Keith “Happy Face” Jesperson is locked up at the Oregon State Penitentiary where he is serving three consecutive life sentences. He will die in prison. The serial killer earned his notoriety by sending confessions describing his heinous crimes to police and journalists and signing them with a smiley face.
Jeperson murdered at least eight women, most who were raped and brutally beaten. By all regards, Jesperson was a coward, preying on slight unsuspecting women, some who were under the influence of alcohol or other mind-altering chemicals, mentally challenged, or desperate.
He was, what law enforcement experts would say, a disorganized serial killer. Unlike some other psychopathic killers, he was not particularly intelligent. He was sloppy and made numerous mistakes. As a truck driver, he was able to traverse across the nation, make a kill, and move on. The murders occurred in Nebraska, Washington, Florida, California, Oregon, and Wyoming.
Jesperson was a low achiever from his childhood to adulthood. He did not fit in with others in the community, failed at most of his endeavors, including job opportunities and raising a family. His daughter, Milissa G. Moore, who lived with him until his wife divorced him in 1990, wrote a book about her father wherein she denounced him as a sick lowly killer. She described how Jesperson would hang stray cats on a clothesline and beat them until they were dead.

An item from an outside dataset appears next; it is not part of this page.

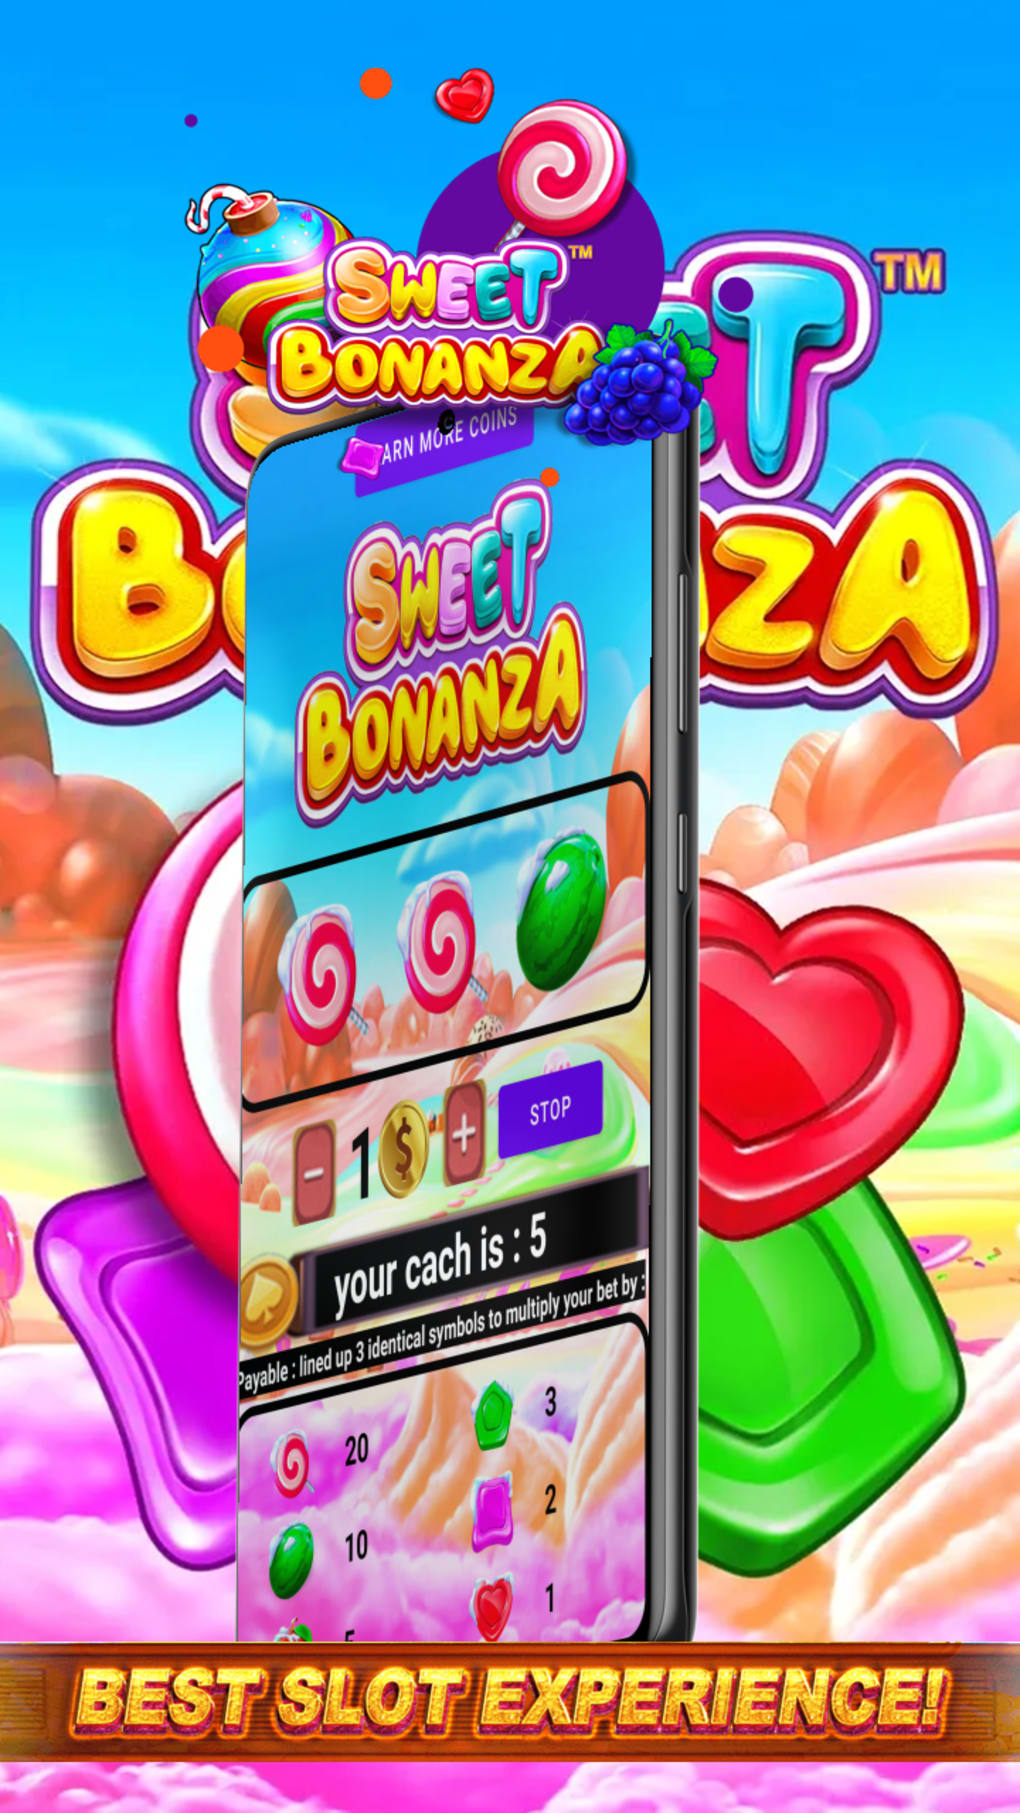 Abra os portões para jogo sweet bonanza  usando essas dicas simples

Although all the murders were horrific, the death of Angela Surbrize stands out. In January of 1995, after using his strength and weight (over 220 pounds) to strangle the petite Surbrize, Jesperson strapped her body to the undercarriage of his truck and dragged her down the road face down to grind off her face and prints.

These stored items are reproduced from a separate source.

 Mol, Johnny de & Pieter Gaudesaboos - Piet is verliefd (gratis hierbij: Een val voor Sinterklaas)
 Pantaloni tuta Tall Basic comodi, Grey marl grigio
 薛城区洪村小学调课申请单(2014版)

In his new book, “Dangerous Ground—my friendship with a serial killer,” author, M. William Phelps, chronicles his visits and calls with Jesperson at the prison that spanned over five years. Phelps goes into great detail as he describes the murders. His mission is to uncover the identity of “Jane Does” he believes Jesperson killed—in particular, he focused in on a woman killed in Florida who likely had traveled there from Louisianna.
Although several experts, including detectives, investigators, and forensic imaging specialists worked with Phelps to identify the Florida women (with the “help” of Jesperson who provided sketches), the woman was never identified. Indeed, the author is unable to point to any particular breakthroughs regarding the identity of any “Jane Does” (unidentified remains).

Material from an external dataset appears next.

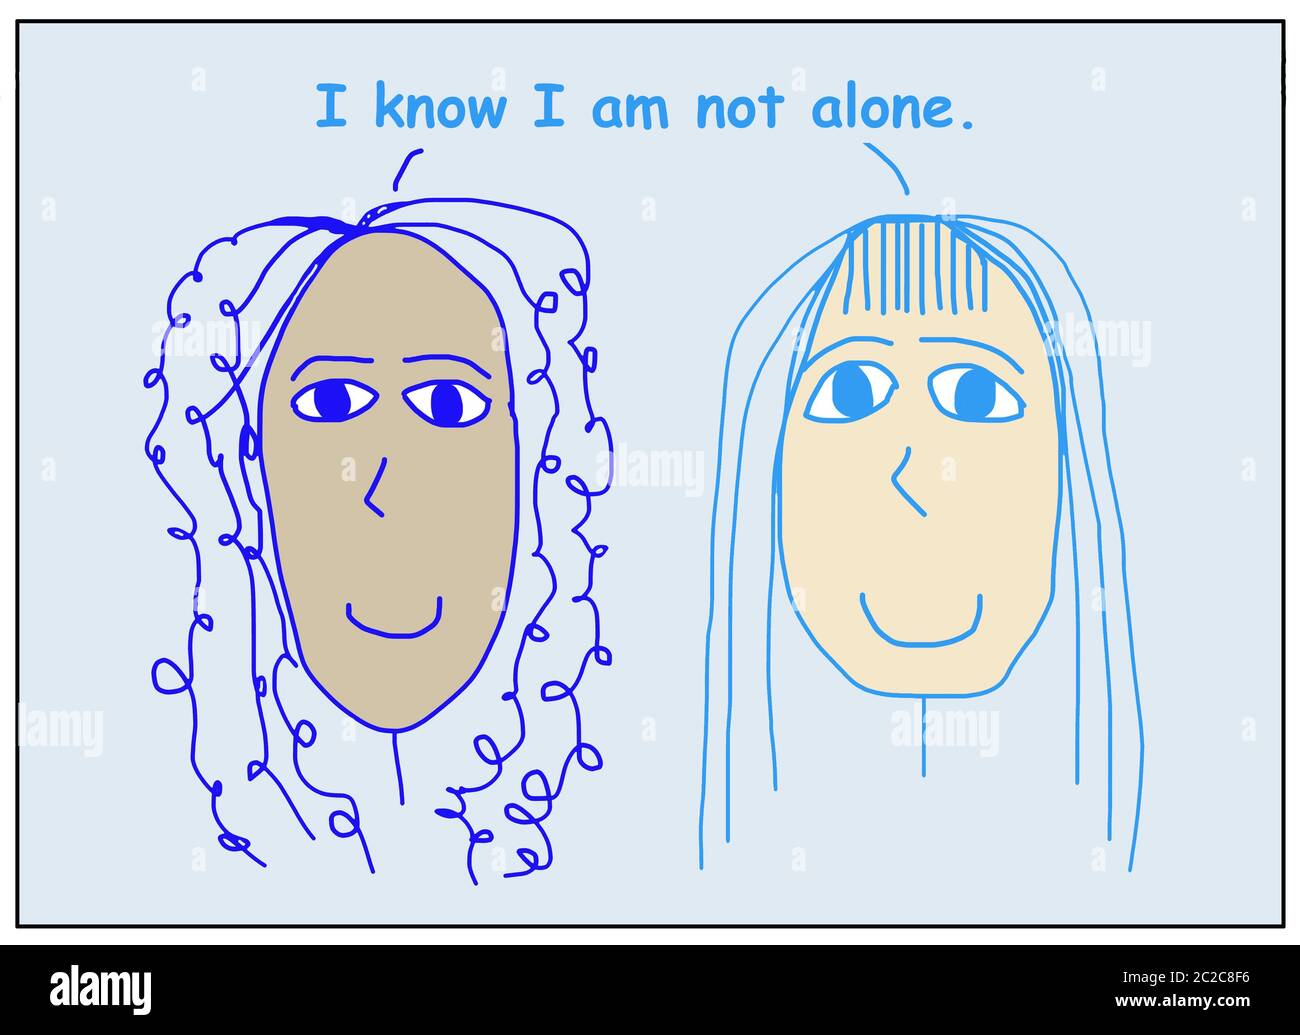 Farb-Cartoon von zwei lächelnden, schönen und ethnisch verschiedenen Frauen besagt, dass ich weiß, ich bin nicht allein. Stockfoto

Phelps does not present any novel ideas about serial killers in general in this book. He describes the toll that the meetings and conversations took on him—mentally and physically. A large part of the book is directed at his brother’s addictions that led to his early death. He incorporates the brutal killing of his brother’s wife into the book—surmising that she was the victim of a serial killer—not Jesperson.
Mr. Phelps apparently dedicated substantial time researching and interviewing Mr. Jesperson. His efforts fall in line with other authors who have befriended killers in prison. He seems to have mixed up the line between journalist/author in this book. He calls his subject a friend yet he hates him at times. He is easily duped by the wild ramblings of an evil slow learner who talks in simple riddles and crude language much in the same way as Charles Manson. The problem with Phelps is that he could even consider Jasperson as being even close to a friend.
Someone once said, “What if there was a war and nobody came.” Phelp’s glorification of Jesperson results in piling more undeserved attention on a dumb, evil, sloppy, killer of vulnerable women who had no chance. The better approach is to ignore these outcasts and let them die without attention in their cells.